L’Union sacrée ou la Niya 2.0

L'entraîneur marocain Walid Regragui est projeté dans les airs alors que les joueurs célèbrent la victoire du match de football de quart de finale de la Coupe du monde Qatar 2022 entre le Maroc et le Portugal au stade Al-Thumama de Doha le 10 décembre 2022.

L'entraîneur marocain Walid Regragui est projeté dans les airs alors que les joueurs célèbrent la victoire du match de football de quart de finale de la Coupe du monde Qatar 2022 entre le Maroc et le Portugal au stade Al-Thumama de Doha le 10 décembre 2022. . Kirill KUDRYAVTSEV / AFP

À six mois du coup d’envoi de la CAN 2025, les Lions de l’Atlas nourrissent plus que jamais l’ambition de décrocher un titre continental qu’ils attendent depuis près d’un demi-siècle. Pour atteindre cet objectif, les hommes de Walid Regragui auront besoin d’une synergie totale et de la mobilisation de tous les acteurs, y compris les médias.

Le 20/06/2025 à 14h24

La dernière sortie médiatique de Walid Regragui, après le match face au Bénin, avait semé le doute. Beaucoup s’interrogeaient: étions-nous en train de perdre le Regragui que le public avait appris à connaître et à apprécier depuis ses débuts en tant qu’international en 2000? Son body language et ses réponses pouvaient légitimement intriguer ceux qui le connaissent le mieux, alors à fortiori le fan qui ne l’a jamais approché.

Mais jeudi, devant un parterre de journalistes de la presse généraliste et spécialisée, le sélectionneur national a pris le temps -trois heures durant- pour expliquer, chiffres à l’appui, sa démarche, sa vision, et les raisons de ses choix. Le ton s’est voulu apaisé, le mea culpa sincère. Et comme souvent dans ce genre de circonstances, faute avouée est à moitié pardonnée. En retour, les journalistes ont joué franc-jeu. Ils ont exprimé leurs attentes, leurs frustrations. Tout a été mis sur la table: l’absence d’interviews exclusives accordées à la presse nationale, la présence de Regragui sur des plateaux étrangers comme El Chiringuito.
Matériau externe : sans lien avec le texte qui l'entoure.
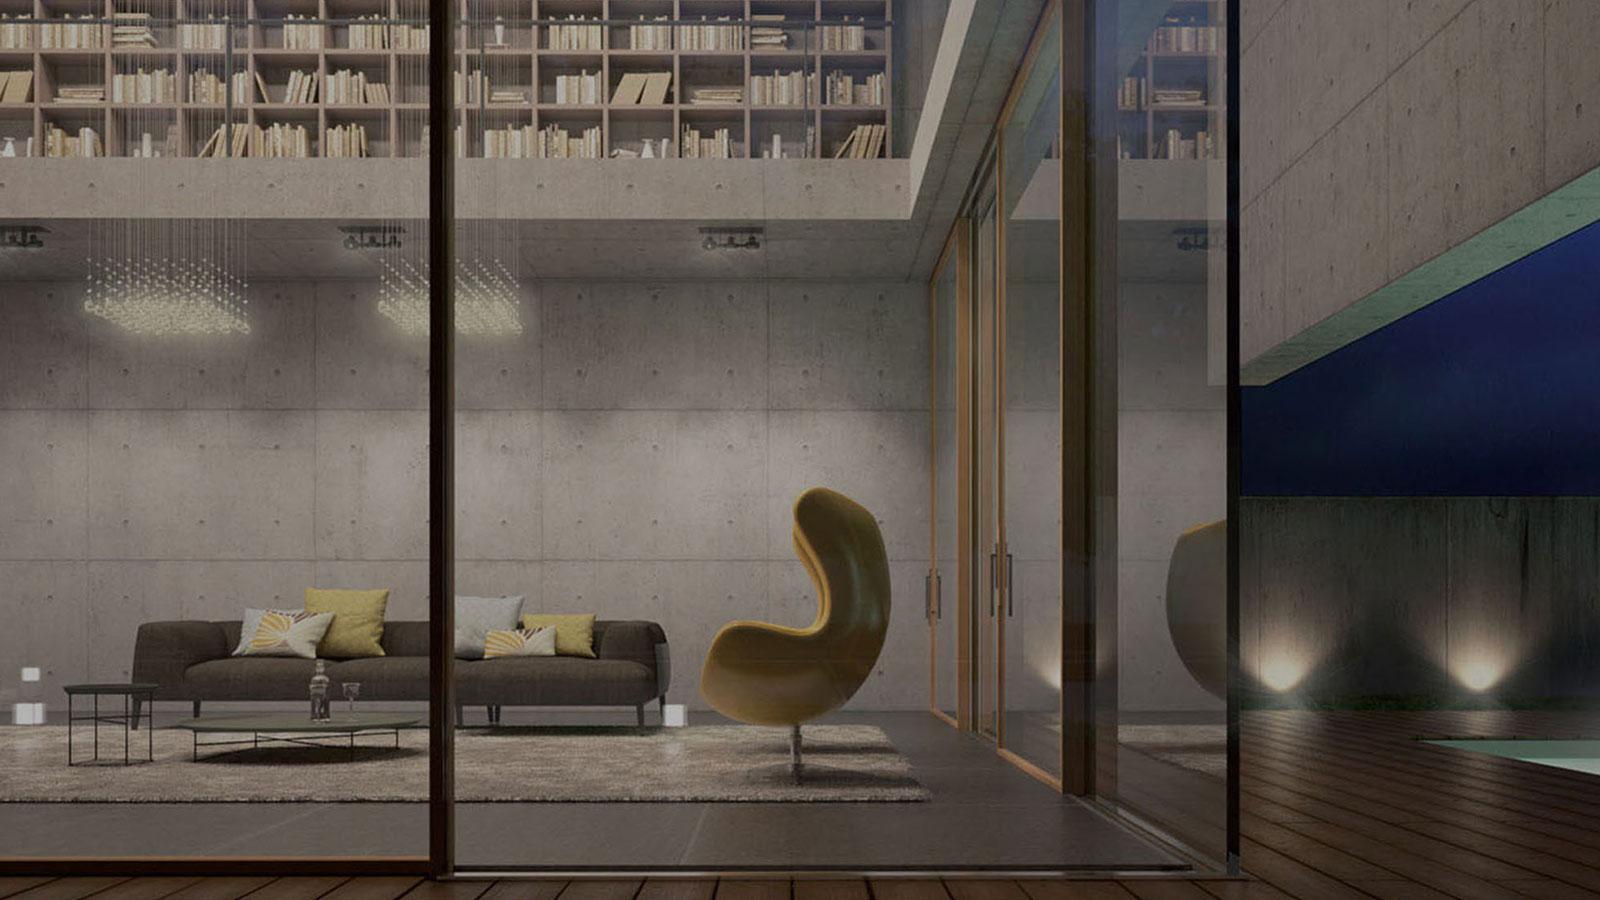 vista interna di una sala con scaffale per libri

Pour beaucoup, le moment est venu de renforcer la préférence nationale. Le public marocain doit pouvoir lire, entendre et voir son sélectionneur sur des supports locaux. Avec un mot d’ordre: mieux vaut arroser son propre jardin que celui du voisin.

Cette initiative a permis de crever l’abcès, d’ouvrir un nouveau chapitre. Une sorte de Niya 2.0. Car ce mot arabe, qui signifie «bonne foi», doit s’appliquer aux deux camps. D’un côté, un sélectionneur appelé à conserver fraîcheur et spontanéité, notamment en conférence de presse. De l’autre, une presse capable de critique constructive, sans sombrer dans le dénigrement ni la chasse au buzz. Dans ce pacte moral et mutuel, il ne peut y avoir de place pour la malveillance. À Walid d’accueillir la contradiction sans se retrancher derrière le sarcasme. Aux journalistes, qu’ils soient rédacteurs, chroniqueurs ou figures télévisuelles, d’insuffler cet élan populaire capable de porter l’équipe vers les sommets, tout en gardant intact leur sens critique.

Dans la feuille de route qui s’ouvrira le 21 décembre, l’Union sacrée devra prévaloir sur les intérêts personnels et les ego mal placés. Il faudra aussi apprendre à exorciser nos peurs, à dépasser les traumatismes, celui de la CAN 1988 notamment, et à aborder chaque rencontre sans complexe. D’autres rencontres sont d’ailleurs prévues dans les prochains mois, avec les entraîneurs de Botola Pro 1 et 2, d’anciens internationaux comme les héros d’Addis-Abeba 1976, et pourquoi pas des représentants de la société civile.

La CAN se gagnera sur des détails. Ce moment de partage, de confidence et de vérité constitue une première étape essentielle. Car Regragui et ses hommes ont une obligation de résultat. La presse, elle, une obligation de moyens. Avec un objectif commun: gagner. Que ce soit grâce à des actions d’éclat, des lucarnes sublimes, des buts de raccroc ou au terme d’une cruelle séance de tirs au but.

Rendez-vous est donc pris pour le 18 janvier 2026. Pour célébrer une deuxième étoile de champion d’Afrique... ou pour faire les comptes sans complaisance et en toute objectivité.